Ein Ruhetag auf dem Campingplatz. Uwe ist von unseren Nachbarn Dan und Winni eingeladen worden zum Offroad fahren auf den wirklichen Pisten. Mit dem 46 Jahre alten Offroad-Jeep ging es los, direkt in Hells Revange. Dan hat mit 60 Jahren damit begonnen und fährt mit seinen 78 Jahren ganz locker und entspannt die steilsten Abschnitte. Bei öffentlichen Anbietern zahlt man für ‘wining’ 5$ 🙂 Uwe hat nicht geweint, sondern den 3-Stunden-Ausflug in tolles Allradgelände sehr genossen, auch wenn manche Berge zunächst nicht machbar aussahen. Diese Strecken sind für Mietfahrzeuge übrigens gesperrt.

Winni, die 75jährige Frau von Dan hat vom Rücksitz aus die Fäden in der Hand behalten und Dan Hinweise gegeben, wenn er noch nicht an alles gedacht hatte. (Leider lässt sich hier kein Film hochladen, da ich einige Mitschnitte gemacht habe. Jedoch ist zu sagen, wenn man bergab nur noch Boden vor sich sieht – also nahezu senkrecht und bergauf nur noch Himmel, dann lässt sich jedes Fahrgeschägt auf der Kirmes sparen)

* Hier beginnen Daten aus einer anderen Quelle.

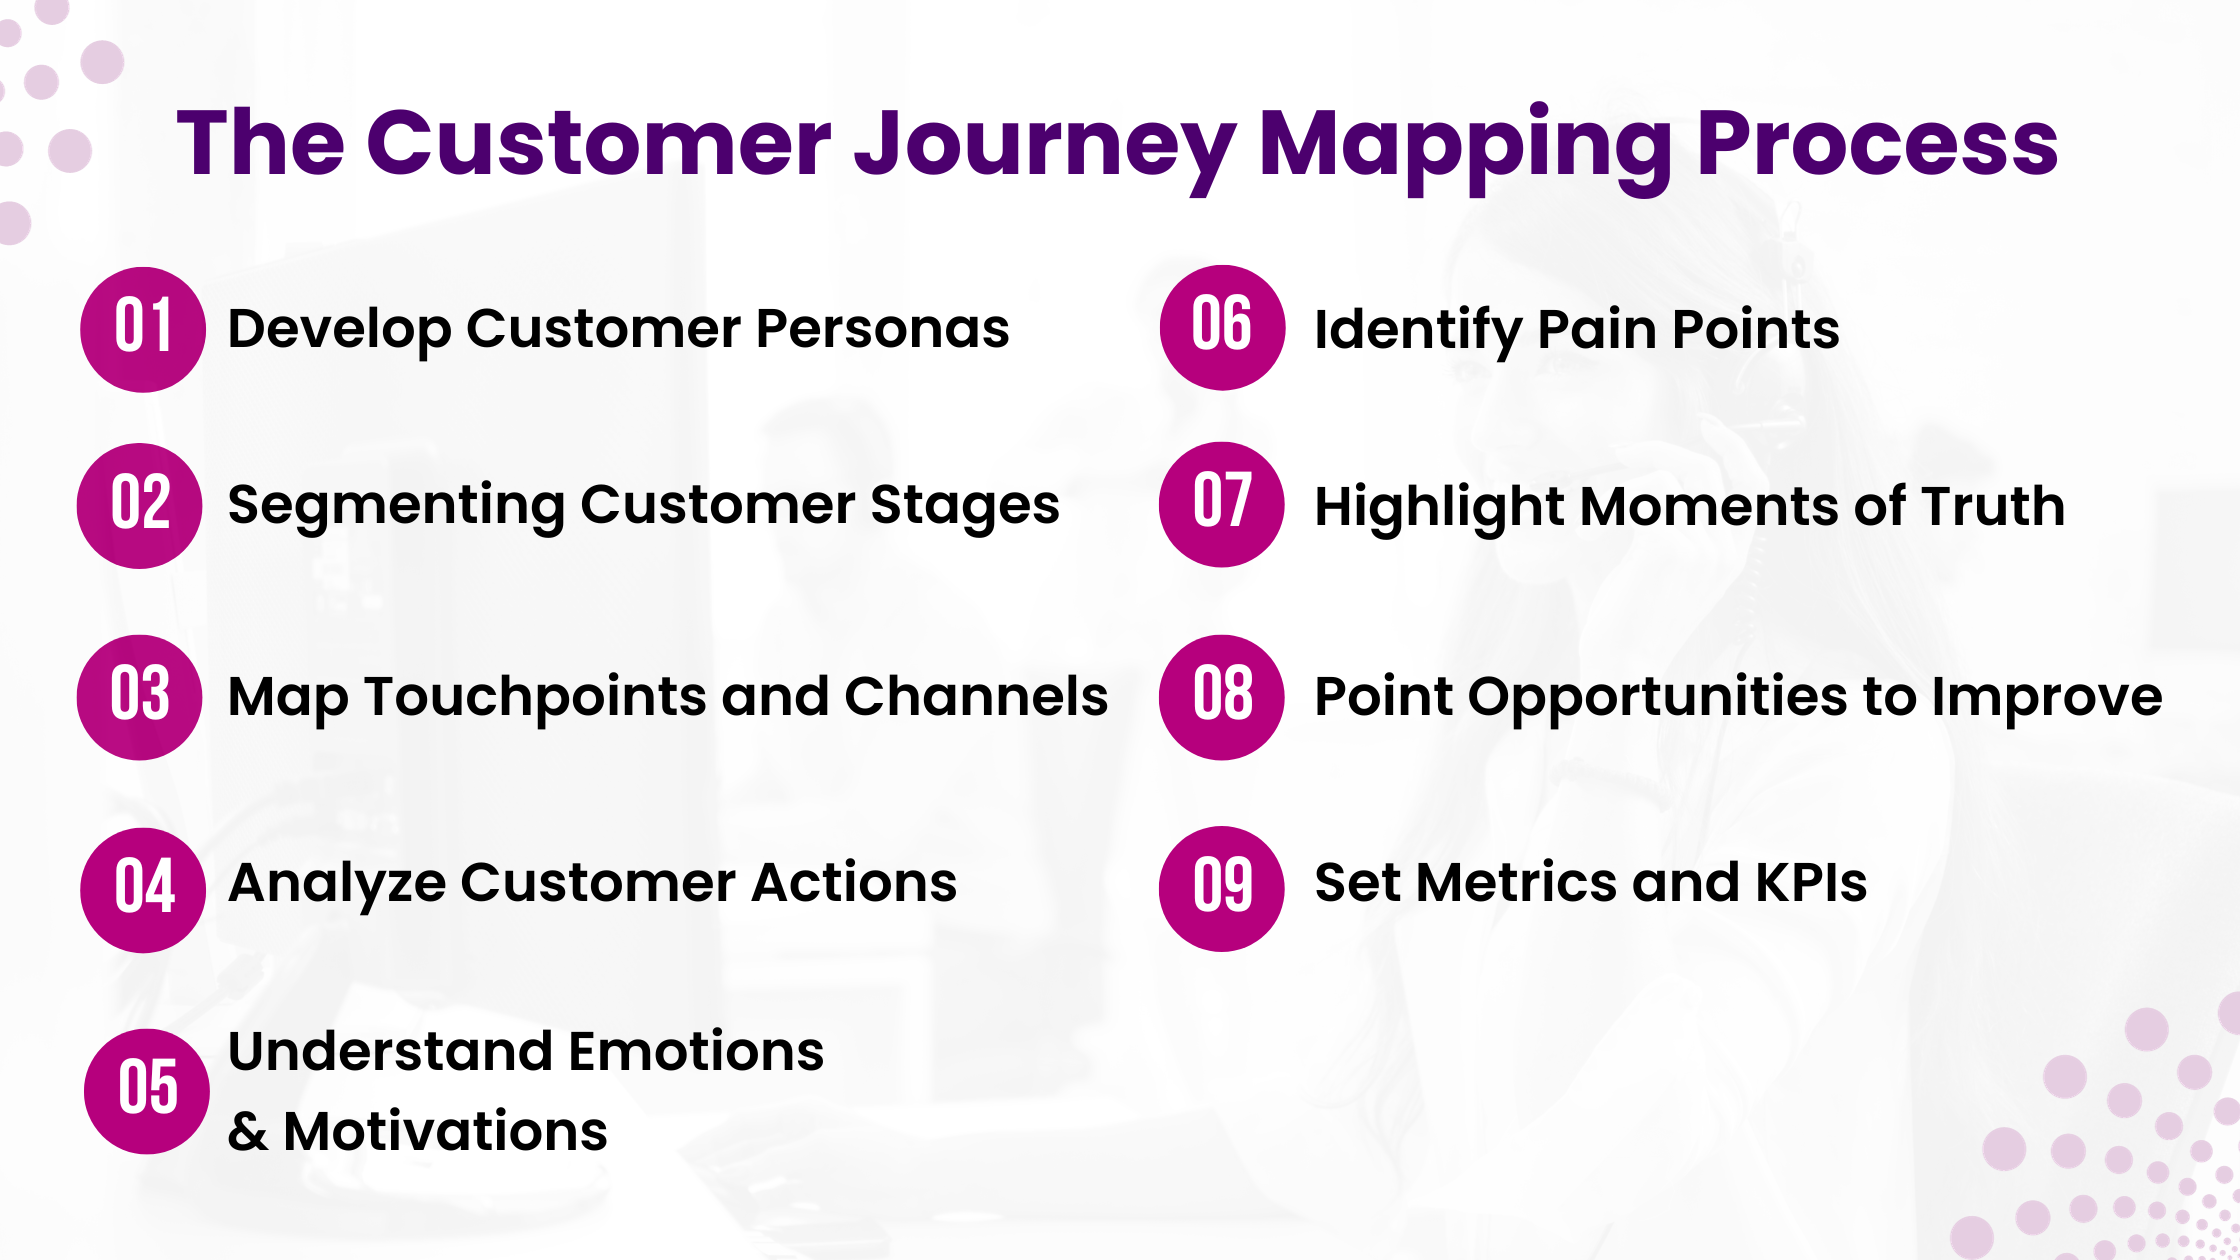 The Customer Journey Mapping Process
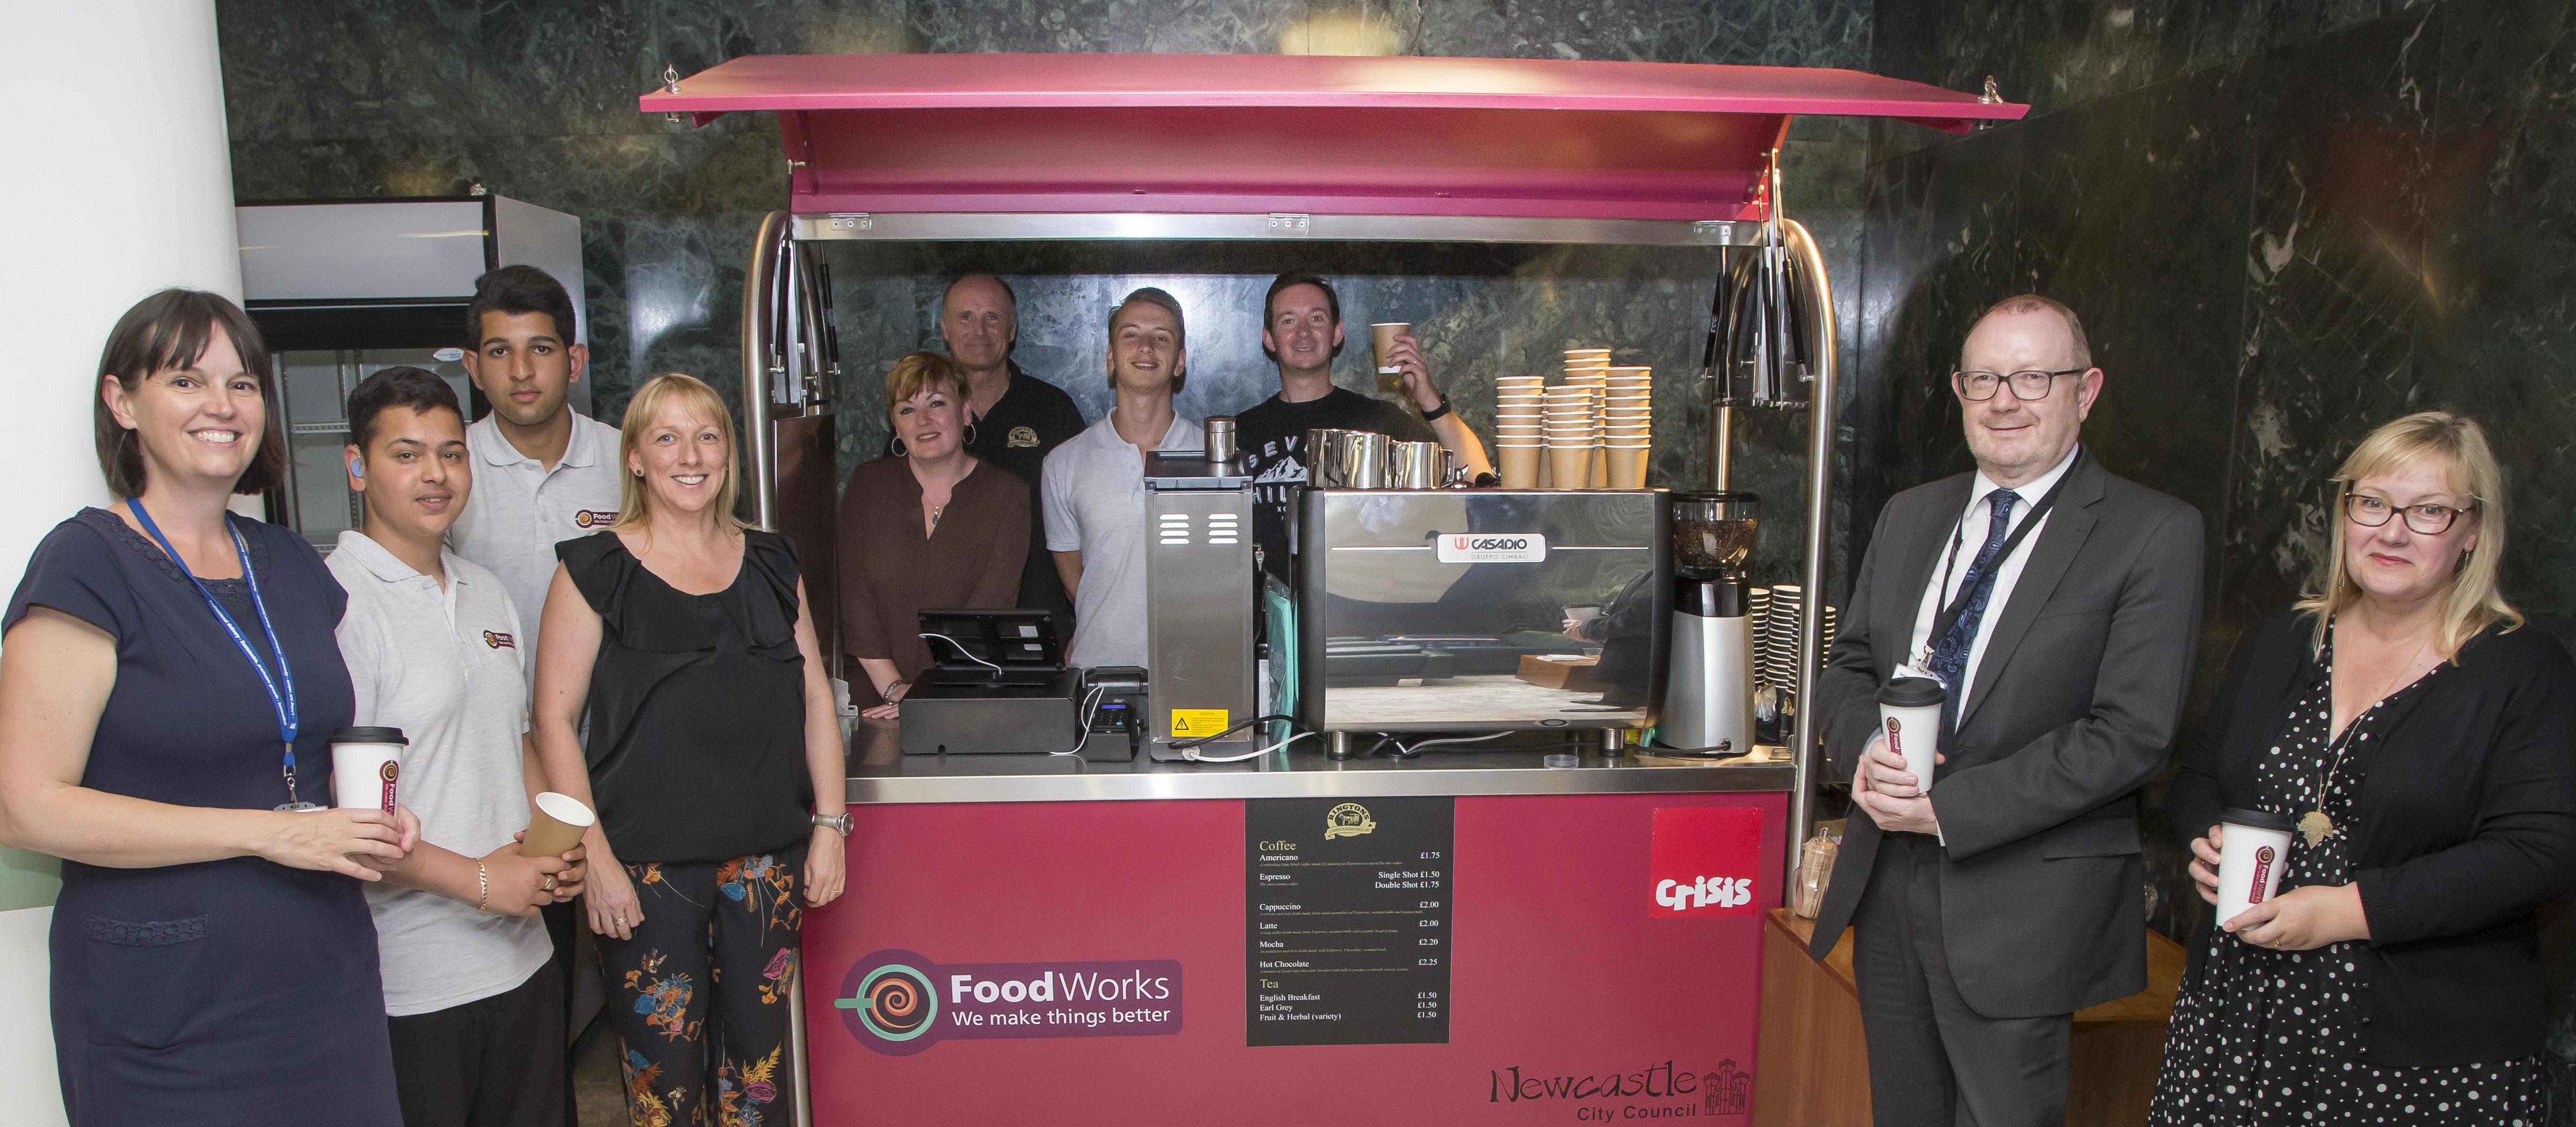 FoodWorks staff and coffee cart

Kristin und ich waren derweil auf dem Spielplatz, haben Postkarten geschrieben, die sie diktiert hat, haben den Einkauf gemacht und bei über 30 Grad alle 5 gerade sein lassen.

Abends sind wir nach Moab reingelaufen und haben im Peace Tree lecker vegetarisch gegessen.  Kristin war etwas müde, nachdem das Mittagsschläfchen ausgefallen war. So ist sie um 19.30 Uhr ins Bett gehüpft und wir haben den lauen Abend draußen vorm Camper genossen.